The answer must be an exact copy of every record below.

*** Block opens ***

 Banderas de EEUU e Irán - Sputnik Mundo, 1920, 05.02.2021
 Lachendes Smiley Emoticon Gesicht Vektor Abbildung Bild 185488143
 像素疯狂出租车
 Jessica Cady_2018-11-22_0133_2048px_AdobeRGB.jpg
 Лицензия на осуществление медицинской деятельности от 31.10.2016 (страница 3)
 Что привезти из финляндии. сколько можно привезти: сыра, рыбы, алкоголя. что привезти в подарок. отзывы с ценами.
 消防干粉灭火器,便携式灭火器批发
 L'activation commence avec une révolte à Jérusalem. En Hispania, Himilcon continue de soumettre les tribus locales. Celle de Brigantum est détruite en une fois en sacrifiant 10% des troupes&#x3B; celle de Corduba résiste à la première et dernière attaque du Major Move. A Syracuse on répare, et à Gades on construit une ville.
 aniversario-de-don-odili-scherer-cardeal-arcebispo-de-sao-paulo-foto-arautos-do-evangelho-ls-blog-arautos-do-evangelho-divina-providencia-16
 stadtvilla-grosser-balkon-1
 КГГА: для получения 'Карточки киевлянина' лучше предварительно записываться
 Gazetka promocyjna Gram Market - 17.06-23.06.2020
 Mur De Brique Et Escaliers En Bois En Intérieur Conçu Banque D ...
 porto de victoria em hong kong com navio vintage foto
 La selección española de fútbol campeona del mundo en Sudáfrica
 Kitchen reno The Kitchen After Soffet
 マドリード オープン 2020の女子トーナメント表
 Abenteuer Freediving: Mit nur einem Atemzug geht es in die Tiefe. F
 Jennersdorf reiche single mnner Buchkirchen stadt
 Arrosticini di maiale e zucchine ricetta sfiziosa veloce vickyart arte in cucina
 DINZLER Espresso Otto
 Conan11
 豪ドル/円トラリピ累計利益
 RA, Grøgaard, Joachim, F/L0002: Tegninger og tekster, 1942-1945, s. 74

*** Block closes ***

▸ Answer to this problem:
 Banderas de EEUU e Irán - Sputnik Mundo, 1920, 05.02.2021
 Lachendes Smiley Emoticon Gesicht Vektor Abbildung Bild 185488143
 像素疯狂出租车
 Jessica Cady_2018-11-22_0133_2048px_AdobeRGB.jpg
 Лицензия на осуществление медицинской деятельности от 31.10.2016 (страница 3)
 Что привезти из финляндии. сколько можно привезти: сыра, рыбы, алкоголя. что привезти в подарок. отзывы с ценами.
 消防干粉灭火器,便携式灭火器批发
 L'activation commence avec une révolte à Jérusalem. En Hispania, Himilcon continue de soumettre les tribus locales. Celle de Brigantum est détruite en une fois en sacrifiant 10% des troupes&#x3B; celle de Corduba résiste à la première et dernière attaque du Major Move. A Syracuse on répare, et à Gades on construit une ville.
 aniversario-de-don-odili-scherer-cardeal-arcebispo-de-sao-paulo-foto-arautos-do-evangelho-ls-blog-arautos-do-evangelho-divina-providencia-16
 stadtvilla-grosser-balkon-1
 КГГА: для получения 'Карточки киевлянина' лучше предварительно записываться
 Gazetka promocyjna Gram Market - 17.06-23.06.2020
 Mur De Brique Et Escaliers En Bois En Intérieur Conçu Banque D ...
 porto de victoria em hong kong com navio vintage foto
 La selección española de fútbol campeona del mundo en Sudáfrica
 Kitchen reno The Kitchen After Soffet
 マドリード オープン 2020の女子トーナメント表
 Abenteuer Freediving: Mit nur einem Atemzug geht es in die Tiefe. F
 Jennersdorf reiche single mnner Buchkirchen stadt
 Arrosticini di maiale e zucchine ricetta sfiziosa veloce vickyart arte in cucina
 DINZLER Espresso Otto
 Conan11
 豪ドル/円トラリピ累計利益
 RA, Grøgaard, Joachim, F/L0002: Tegninger og tekster, 1942-1945, s. 74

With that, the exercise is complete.